**YOUR TASK:** Print all of the data below exactly as it appears, leaving out every image.

**MATERIAL PROVIDED:**
============

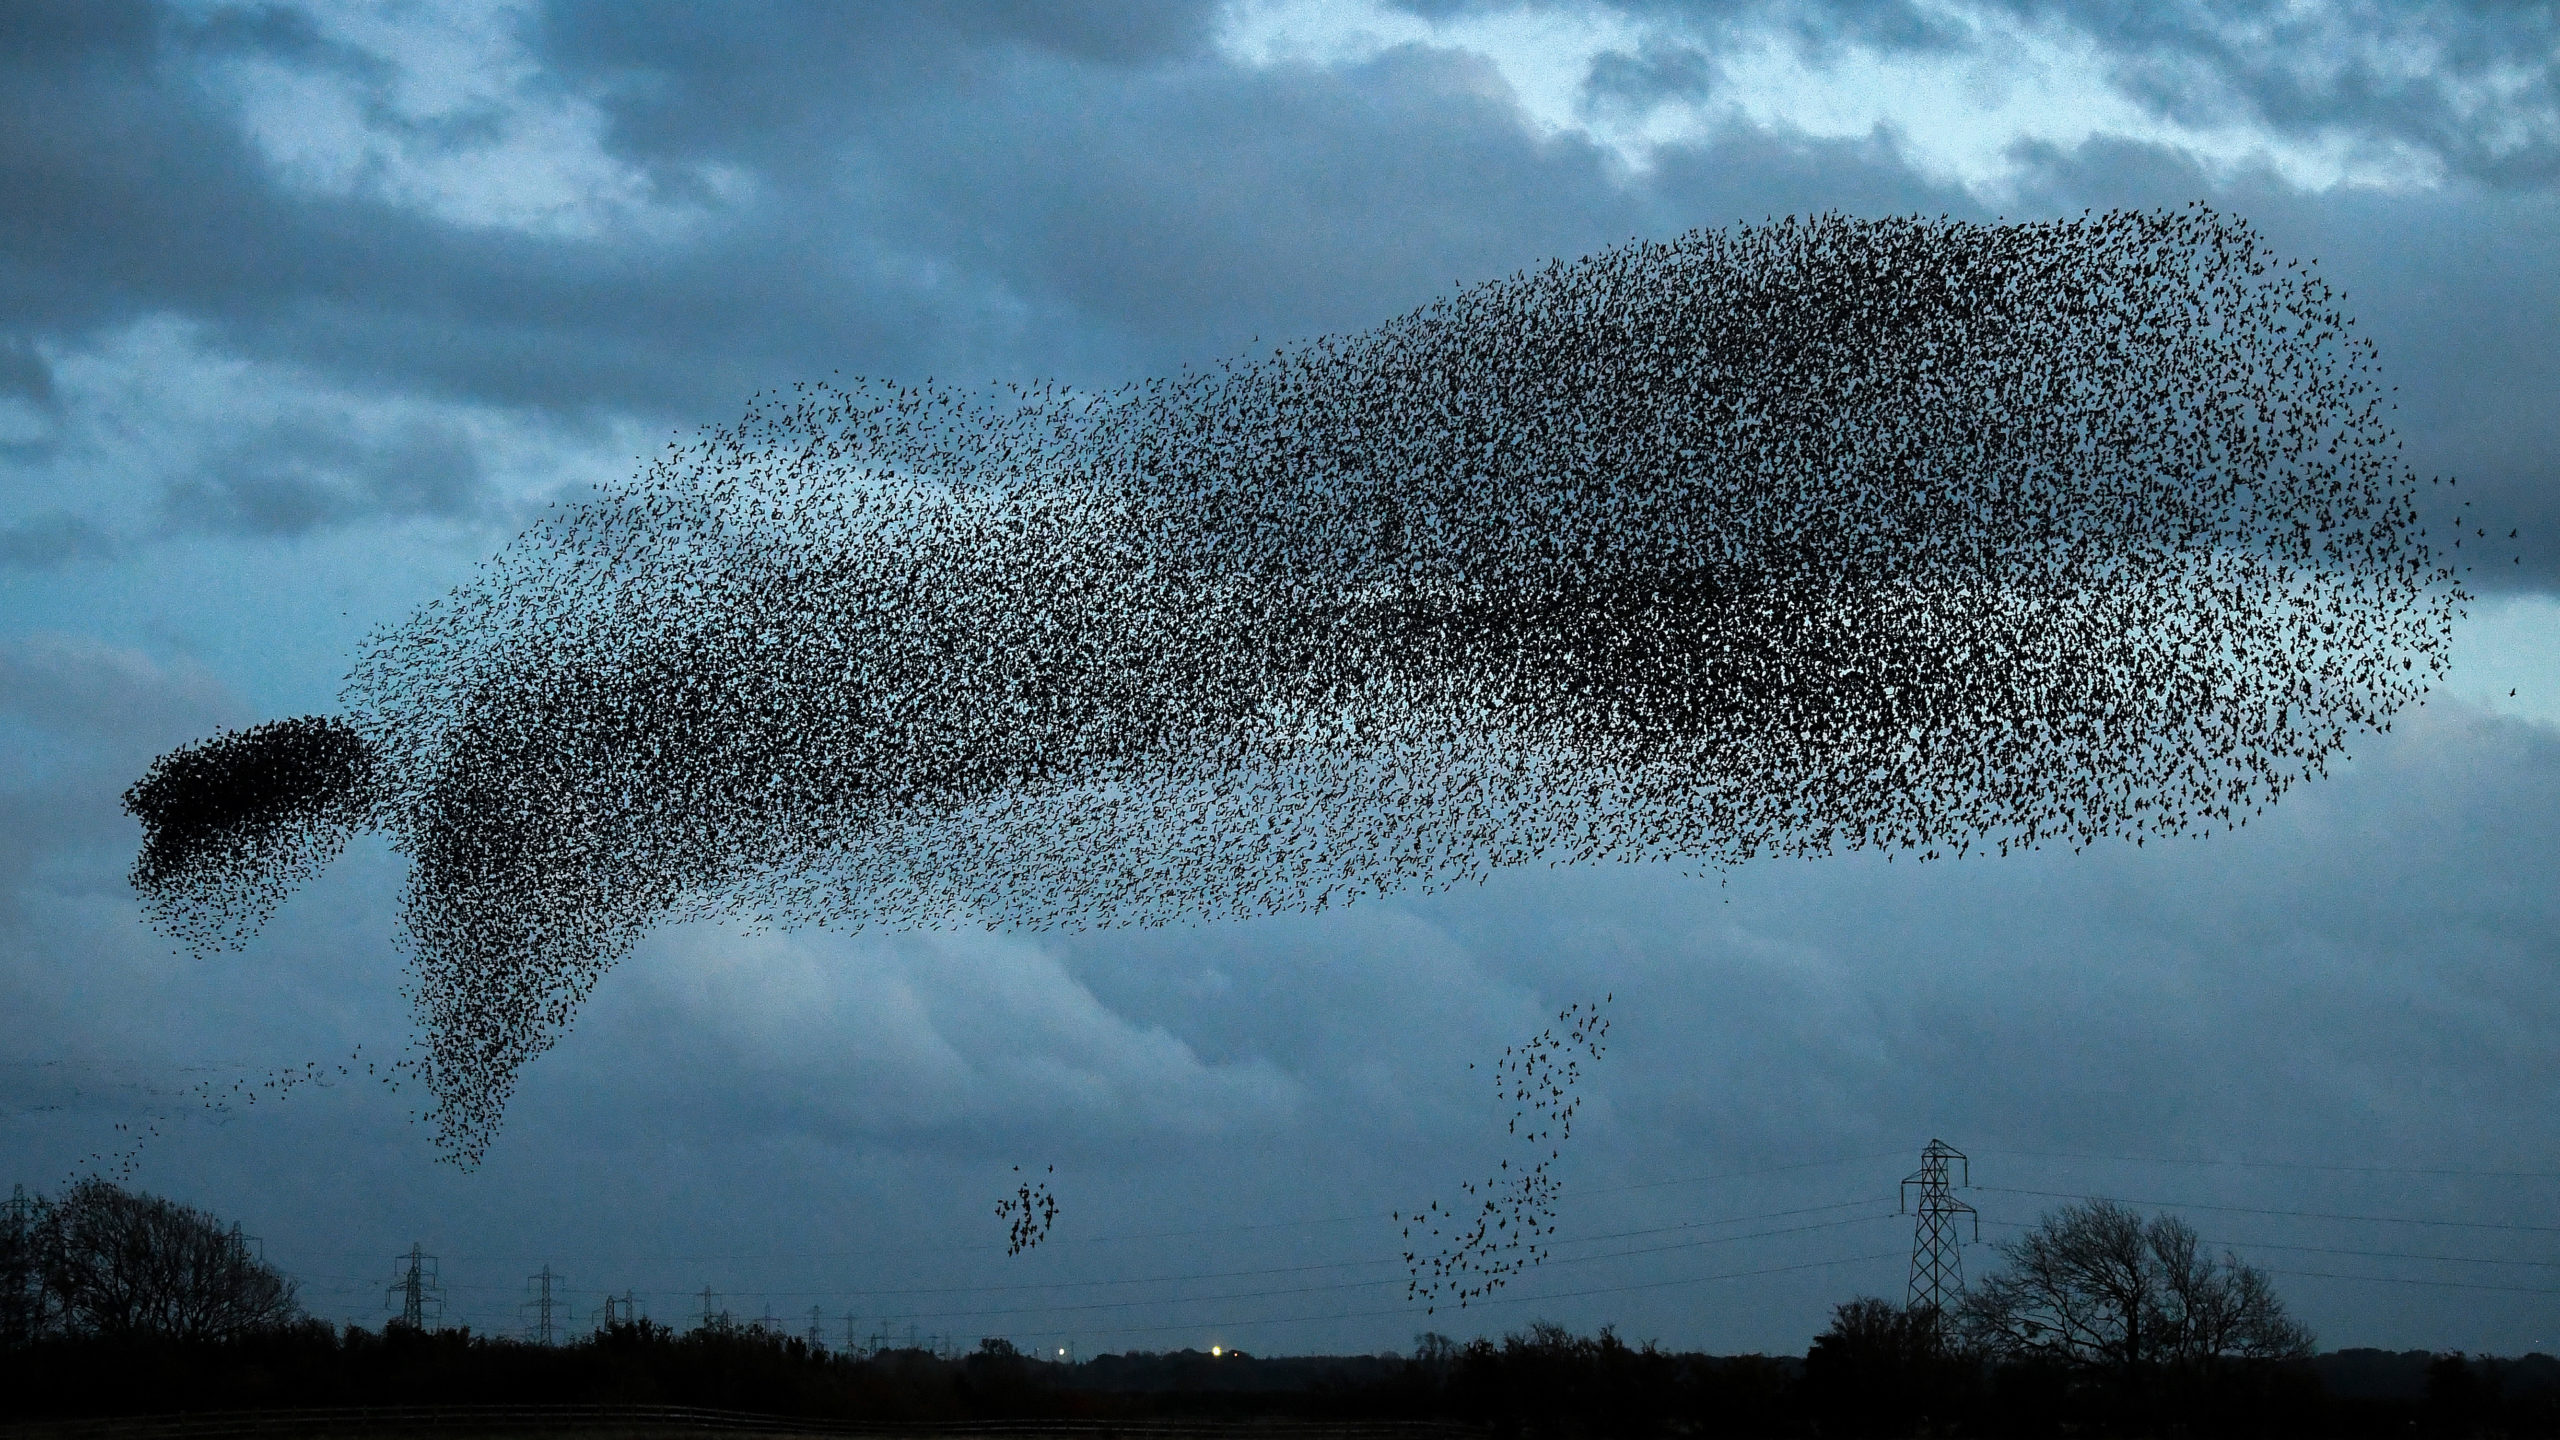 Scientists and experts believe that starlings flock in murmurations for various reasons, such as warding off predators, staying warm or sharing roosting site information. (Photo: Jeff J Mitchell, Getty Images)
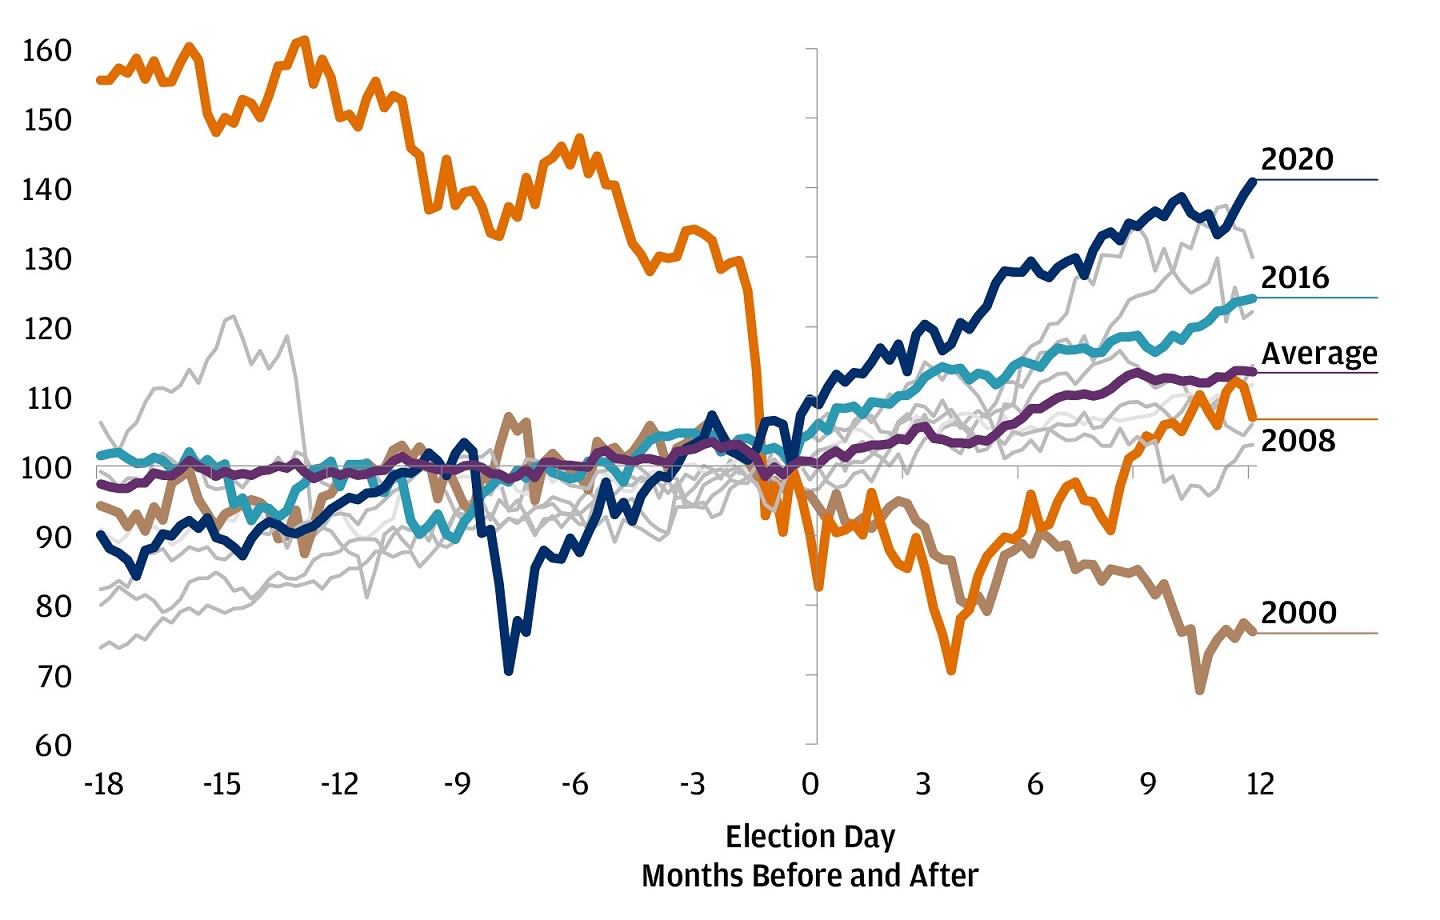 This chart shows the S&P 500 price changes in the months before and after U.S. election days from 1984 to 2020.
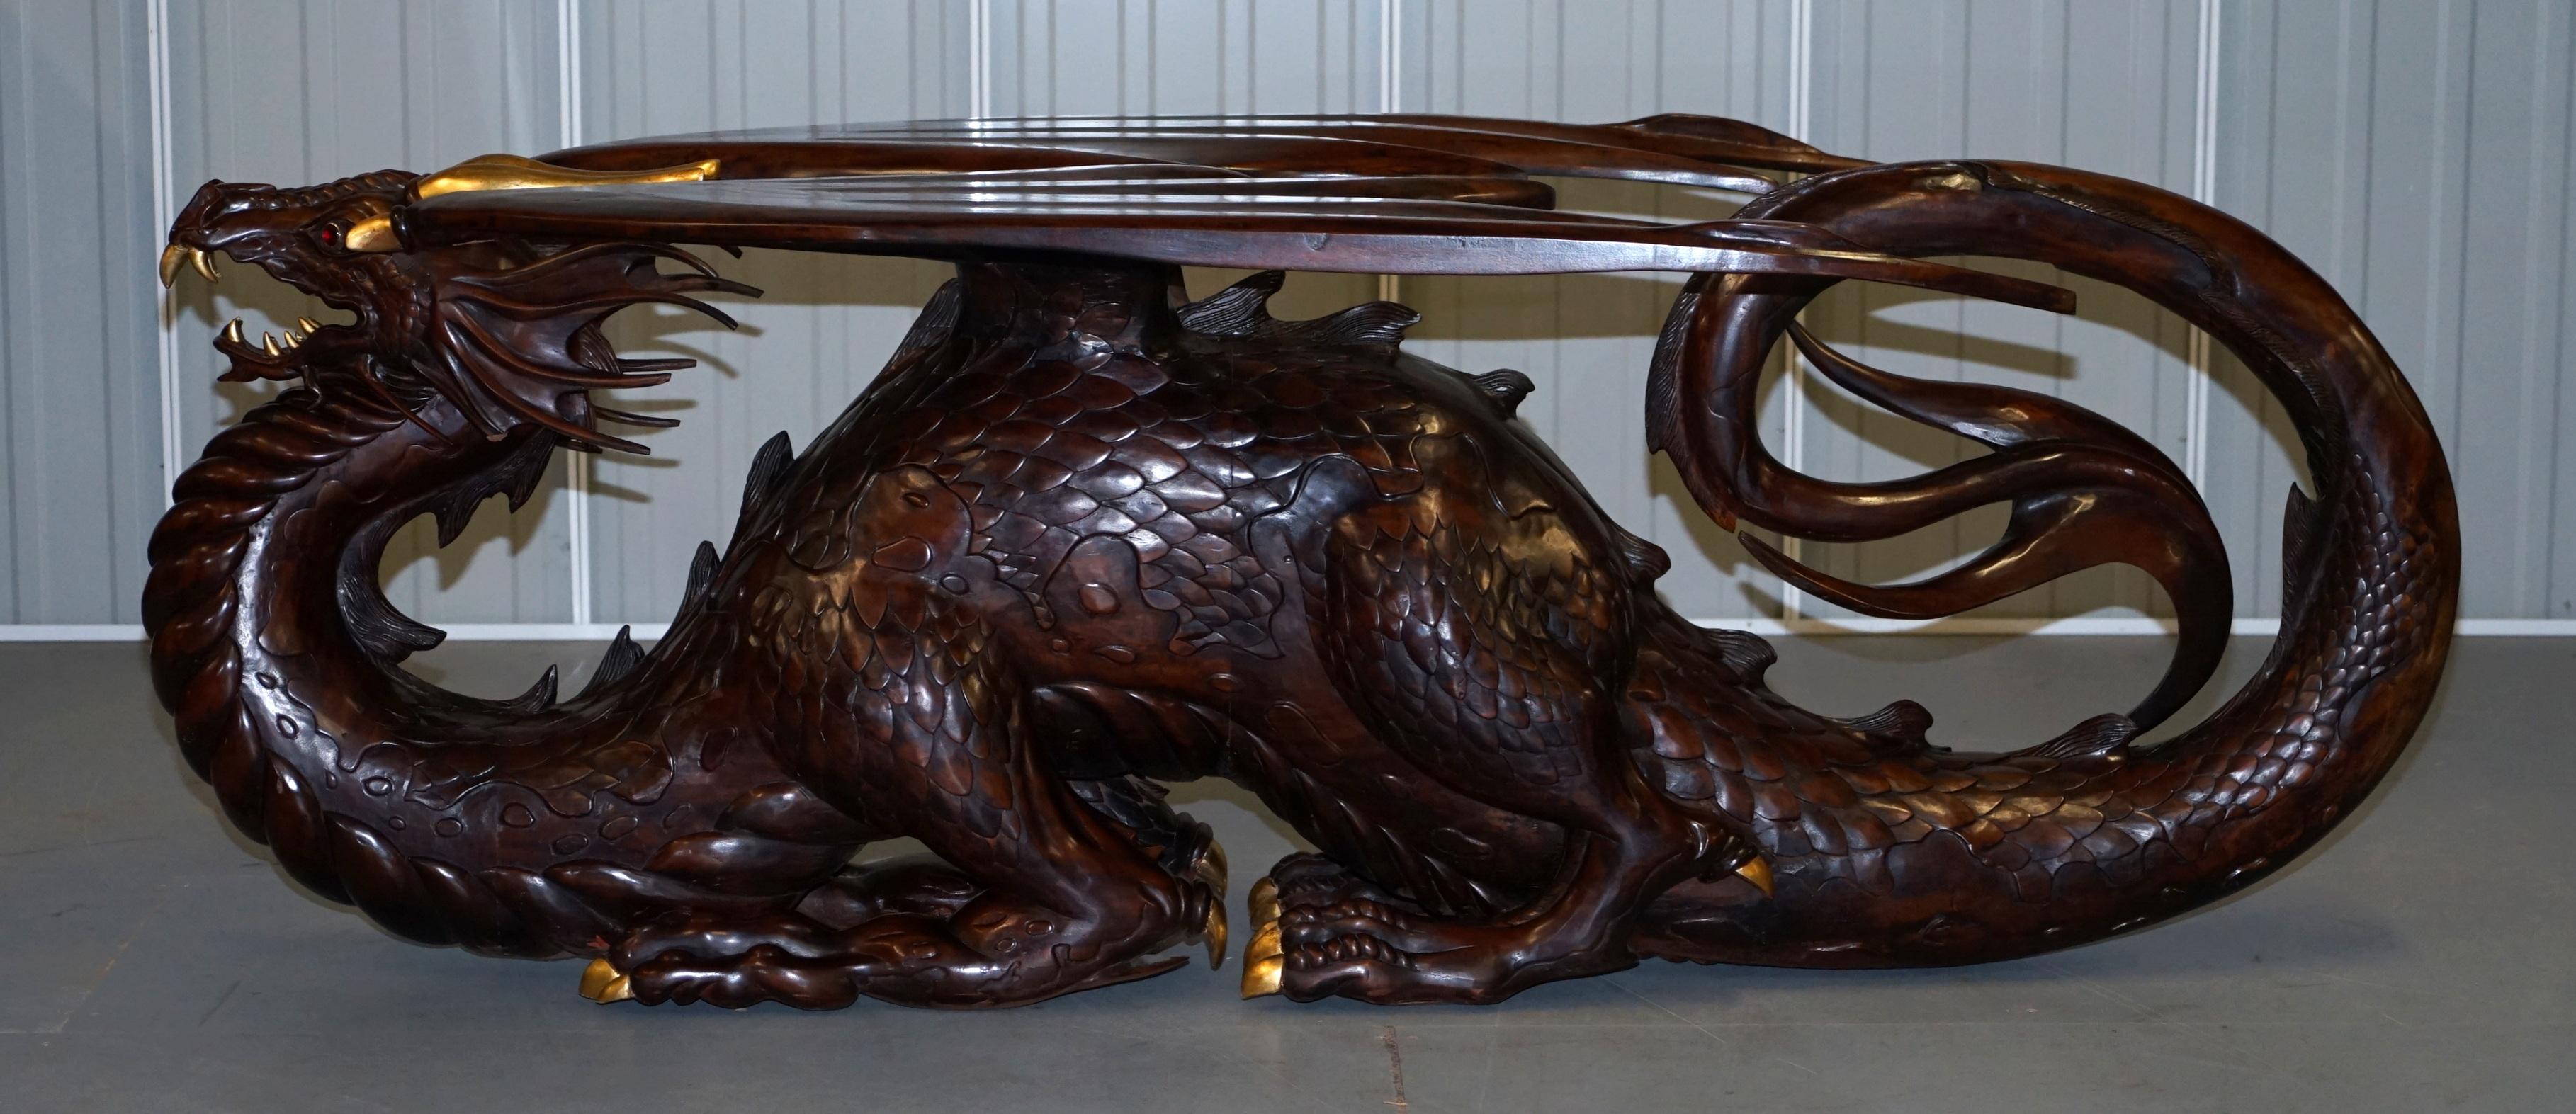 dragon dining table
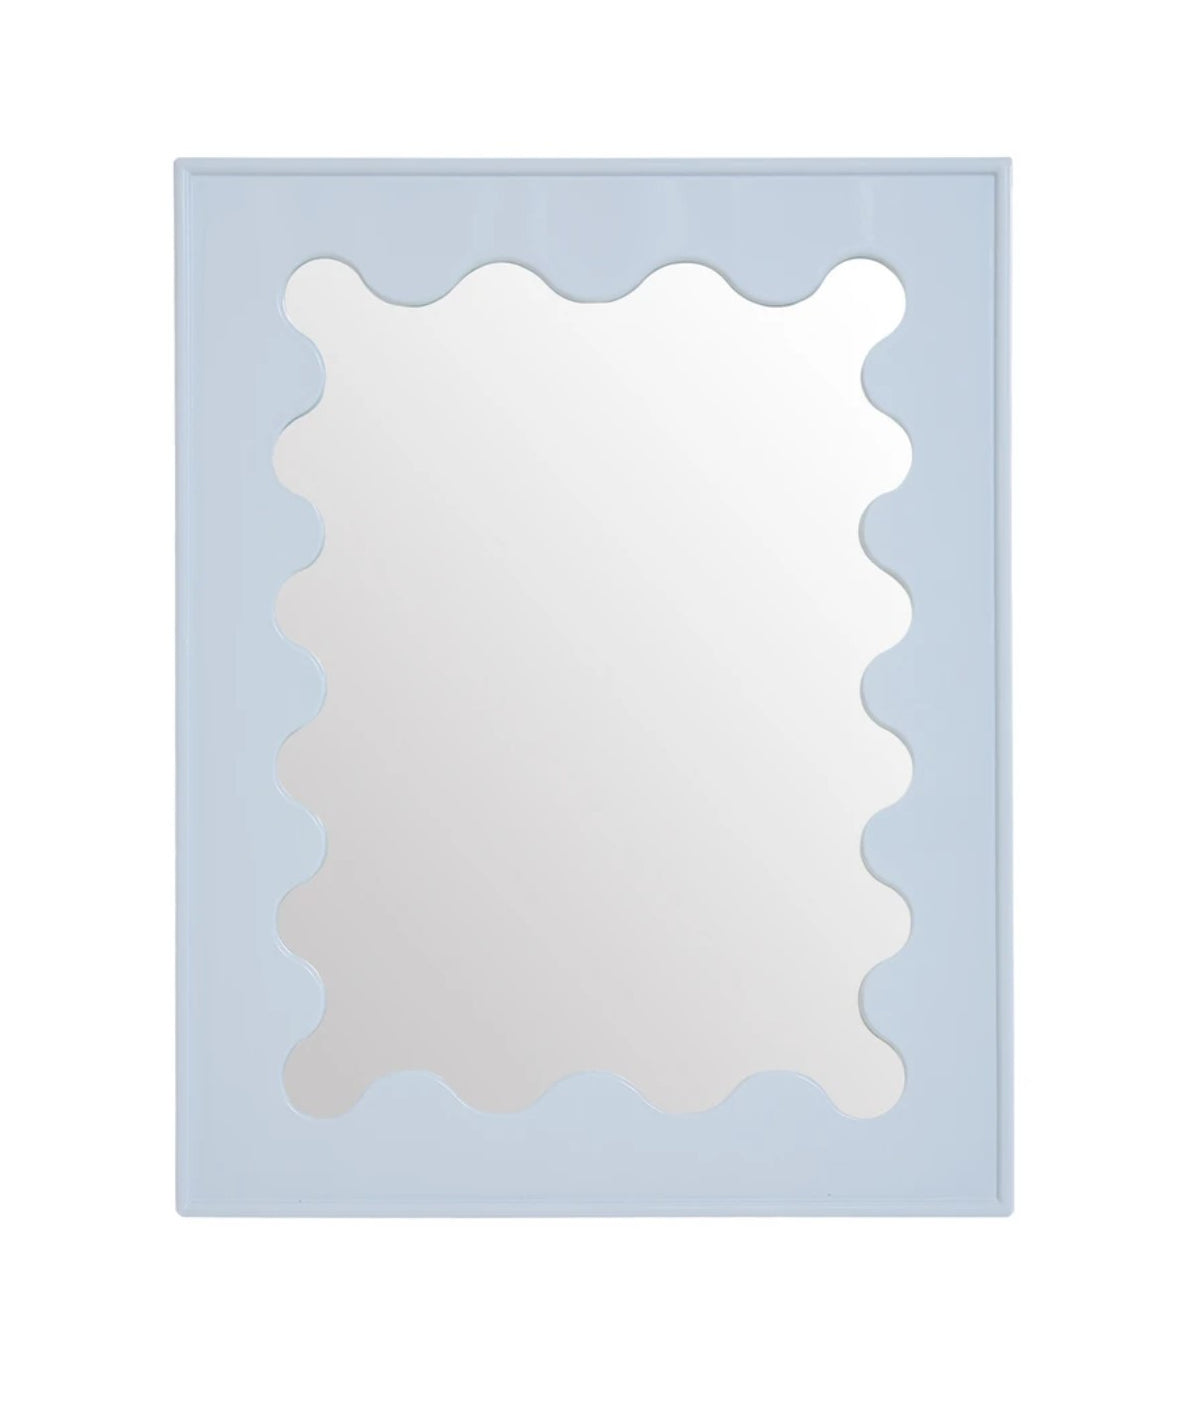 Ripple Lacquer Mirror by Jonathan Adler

============

**OUTPUT FOR THIS EXERCISE:**
 Scientists and experts believe that starlings flock in murmurations for various reasons, such as warding off predators, staying warm or sharing roosting site information. (Photo: Jeff J Mitchell, Getty Images)
 This chart shows the S&P 500 price changes in the months before and after U.S. election days from 1984 to 2020.
 dragon dining table
 Ripple Lacquer Mirror by Jonathan Adler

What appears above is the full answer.